Friday, April 7th, 2023

Atlanta boasted one of the nation’s fastest-growing life sciences labor pools between 2019 and mid-2022, according to a new report from CBRE. The city’s 20% life sciences job growth ranks it as the 10th fastest growing U.S. market, surpassing the national average growth of 13.7%.

Research & Development employment growth has been particularly strong. Atlanta ranked 4th nationally with a 44% growth rate since before the pandemic (2019). The city has approximately 18,204 people working in the life sciences industry, including 5,597 in Research & Development specifically.

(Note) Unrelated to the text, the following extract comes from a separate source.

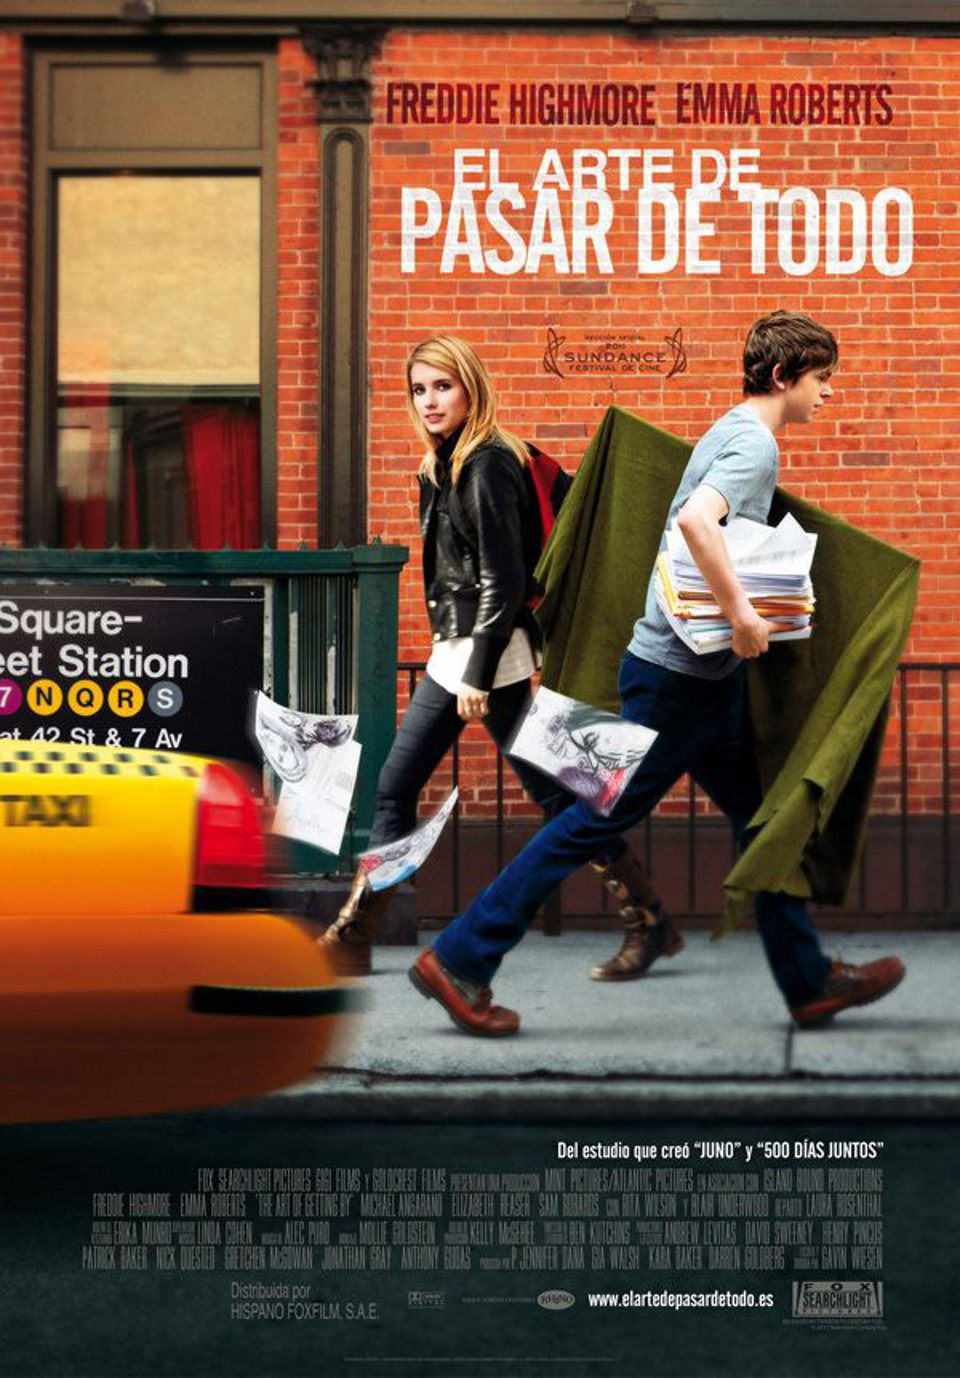 http://www.ecartelera.com/carteles/4400/4448/001-el-arte-de-pasar-de-todo-espana.jpg

The reason for Atlanta’s continued life science growth is twofold. The city secured $708 million in NIH funding last year, the 14th highest in the nation. Emory University received nearly $560 million of that total, followed by Georgia Tech with $50.4 million and Georgia State with $44.9 million. These universities also helped add to Atlanta’s life sciences employment base, producing some 2,000 college graduates in biological and biomedical sciences in 2020.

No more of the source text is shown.